==== Data block ====
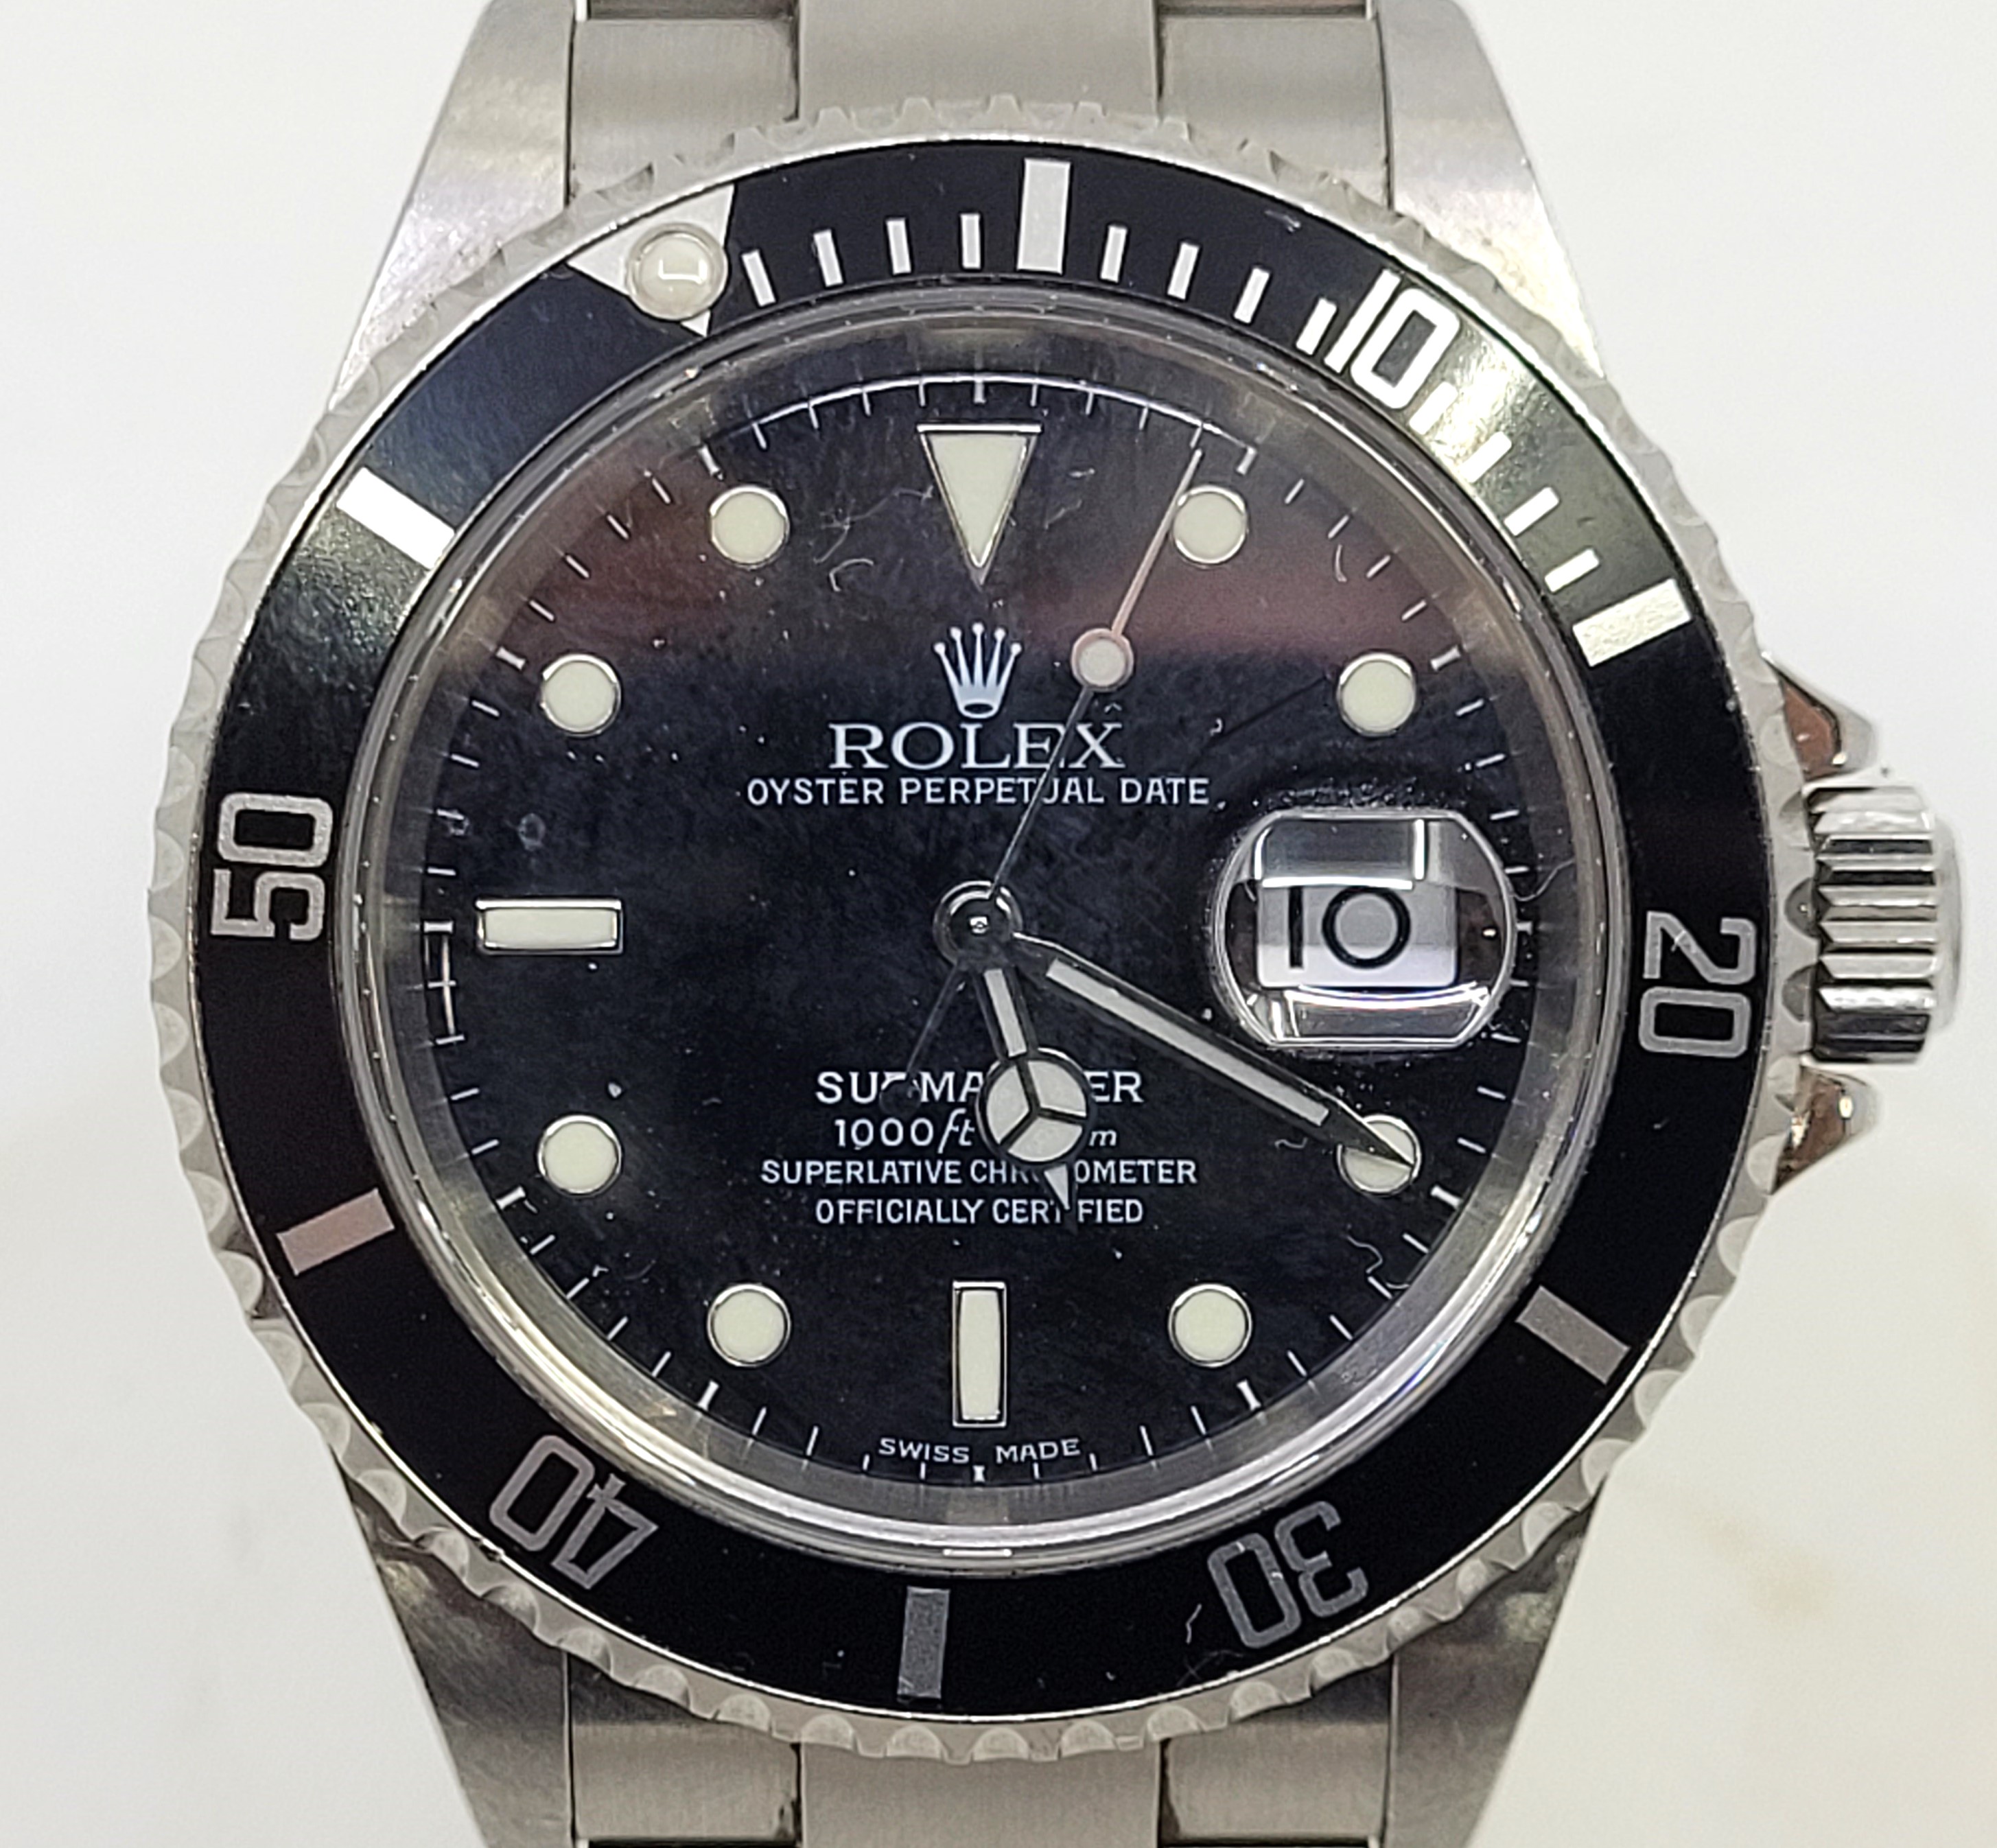 Rolex Oyster Perpetual Date "Submariner" Superlative Chronometer stainless steel gentleman's
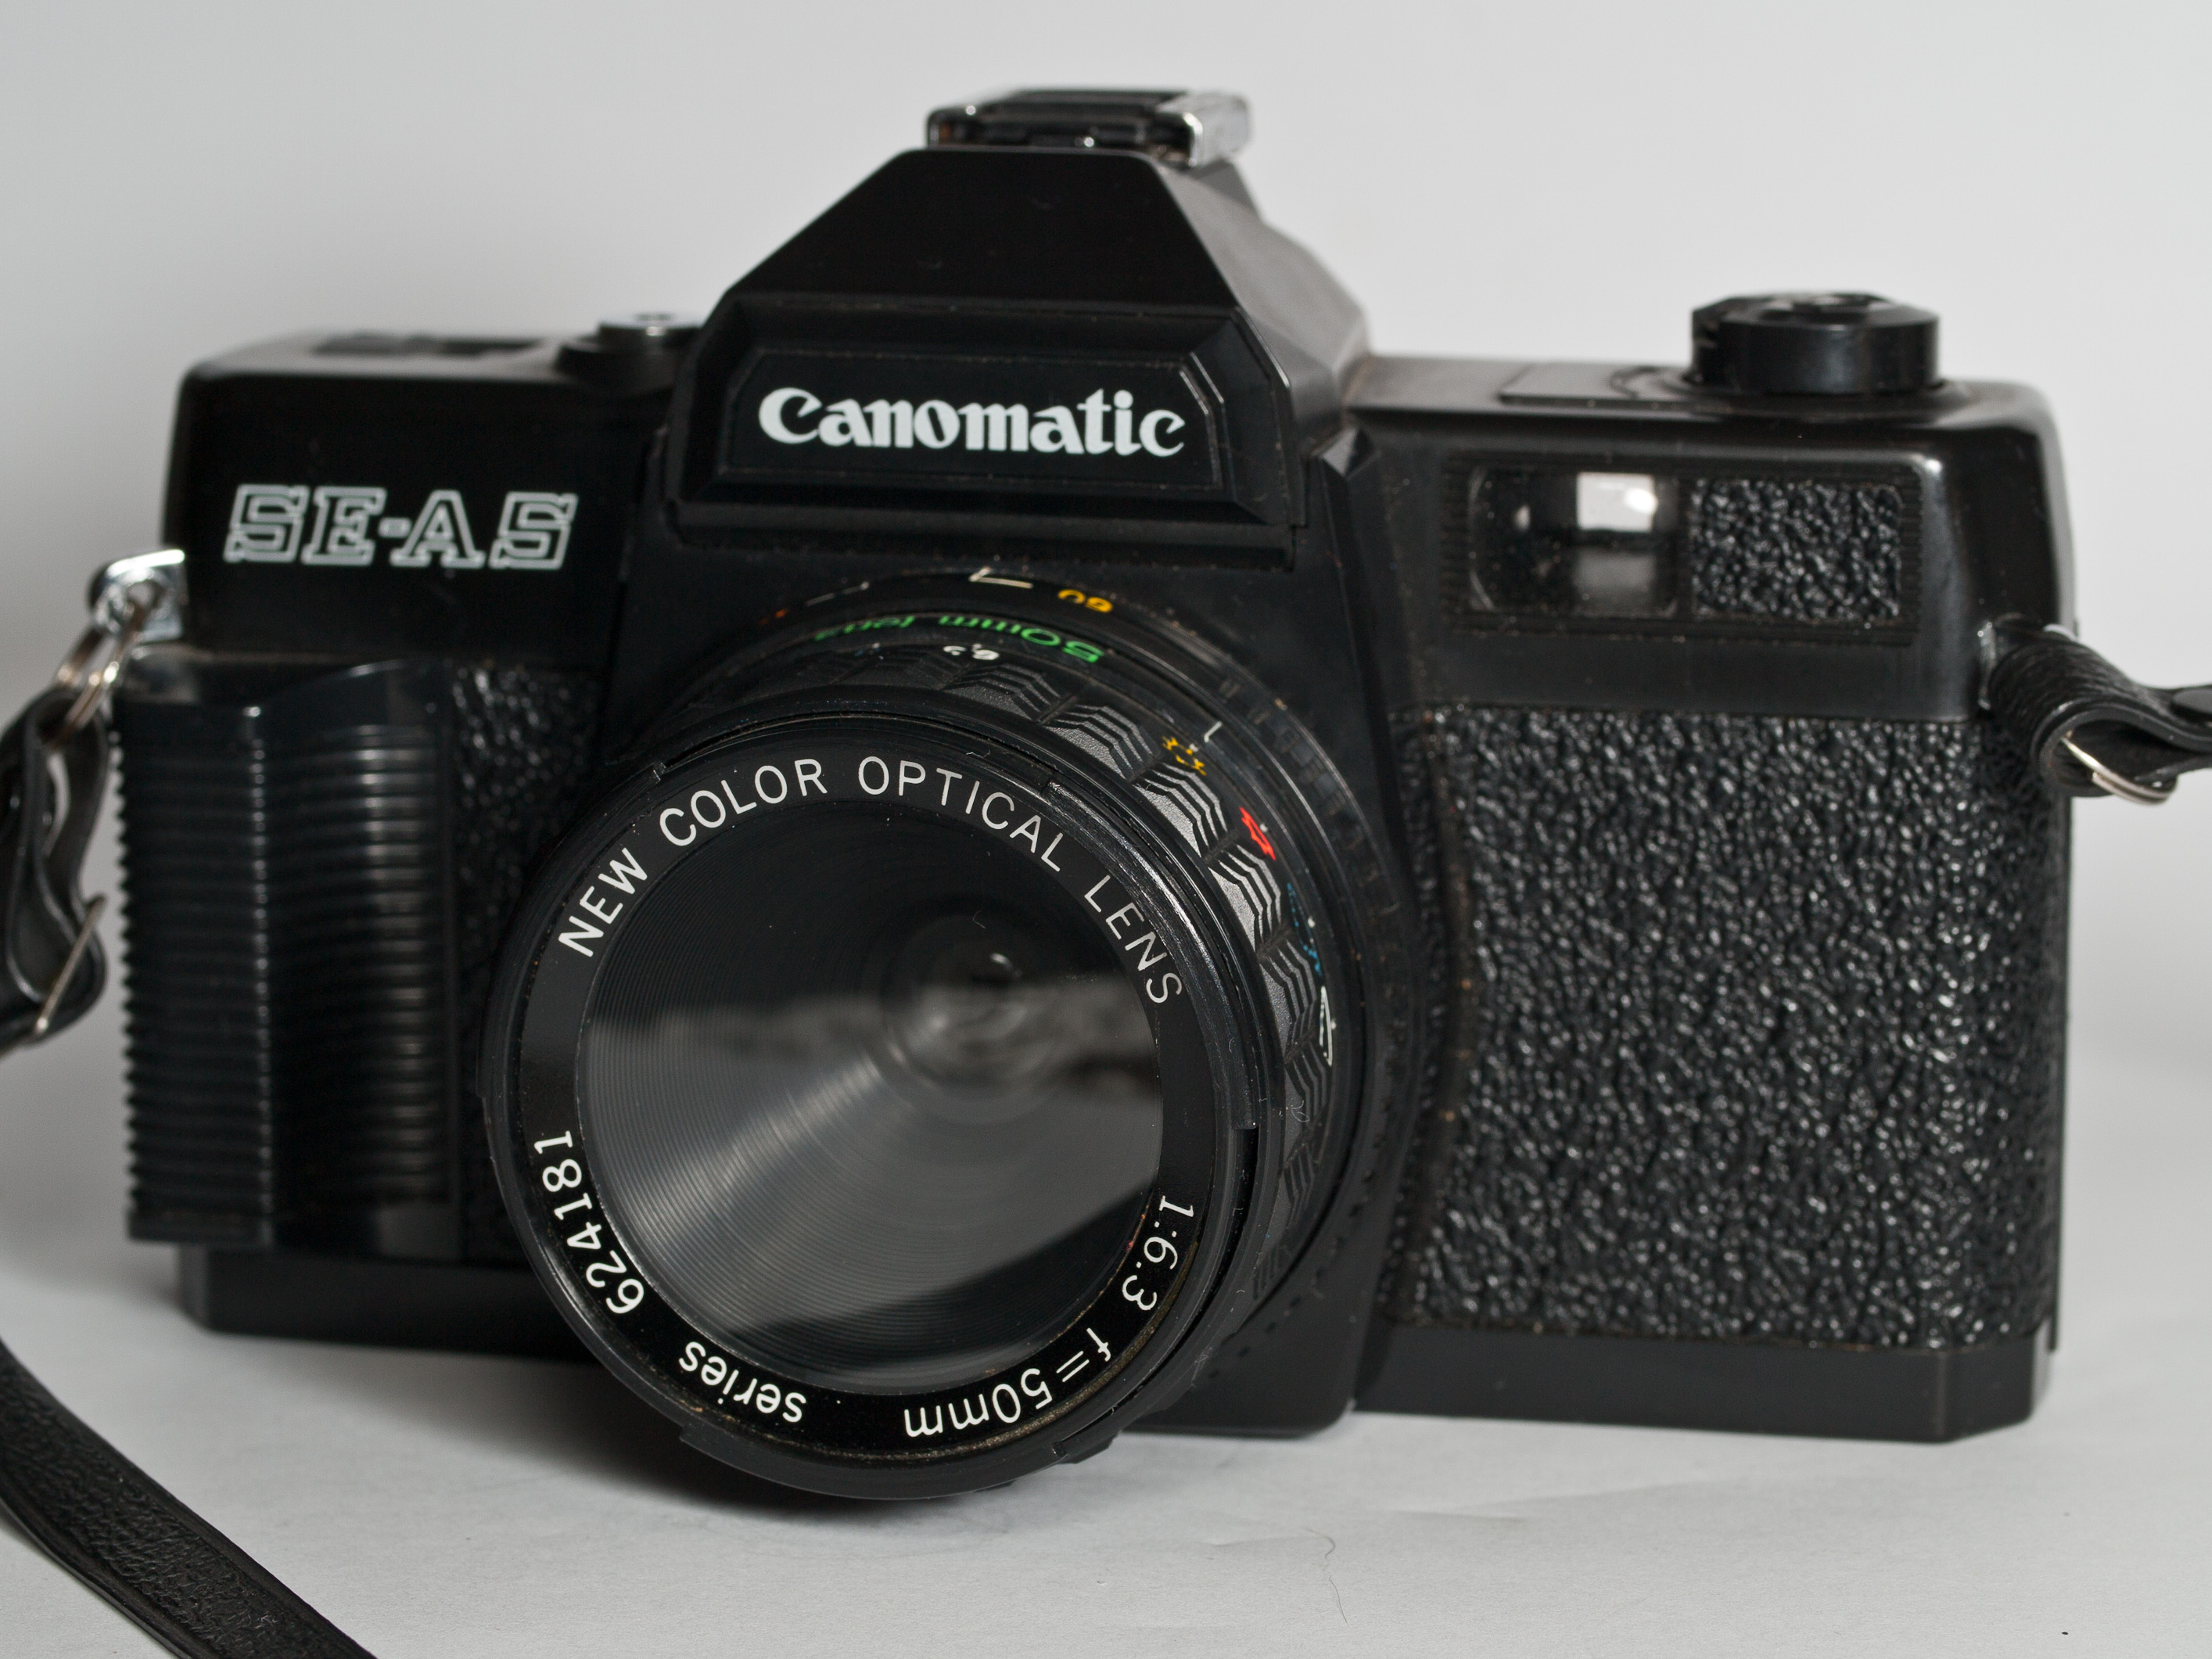 Canon - Canomatic SE-AS
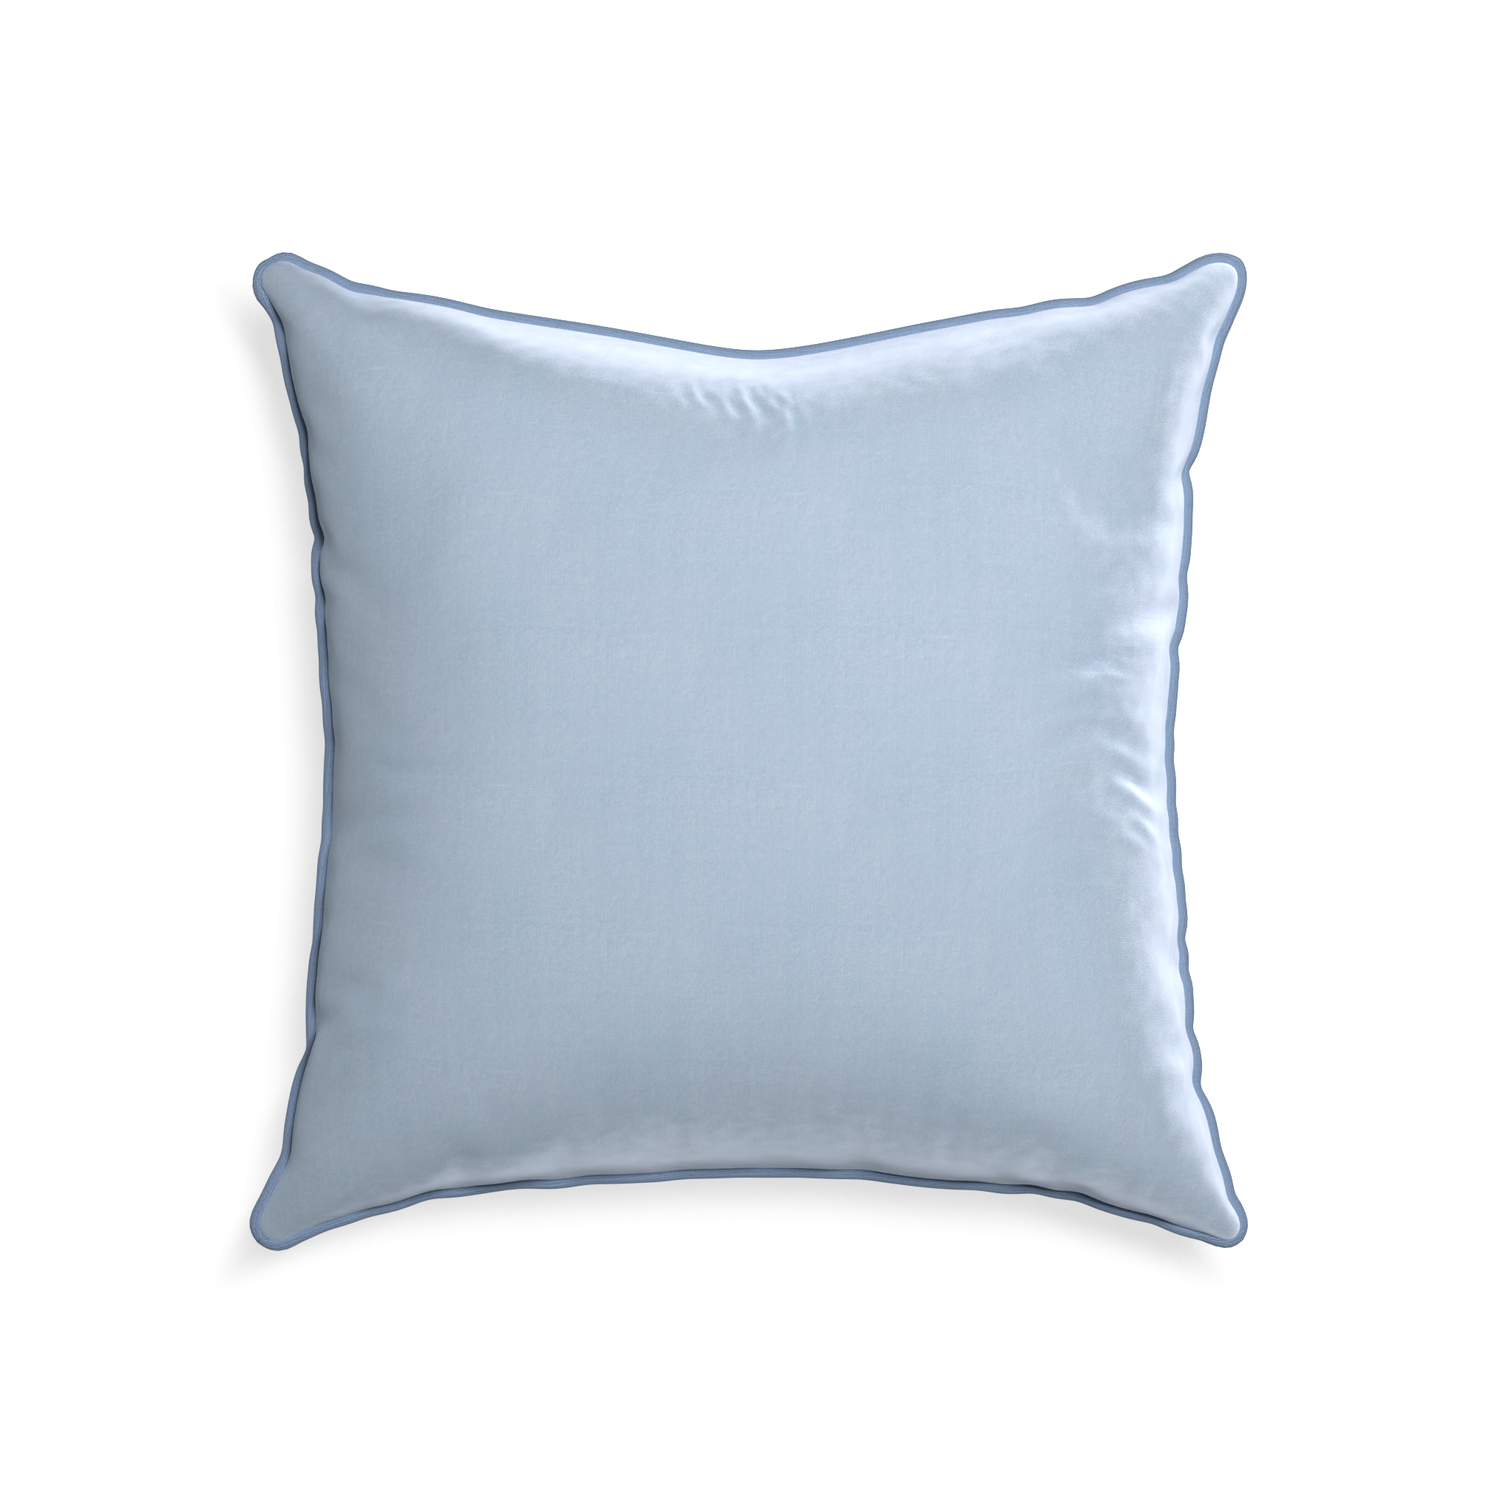 22-square sky velvet custom pillow with sky piping on white background
====
The problem
Give back all the material exactly, with no pictures.

Response for this exercise
 Rolex Oyster Perpetual Date "Submariner" Superlative Chronometer stainless steel gentleman's
 Canon - Canomatic SE-AS
 22-square sky velvet custom pillow with sky piping on white background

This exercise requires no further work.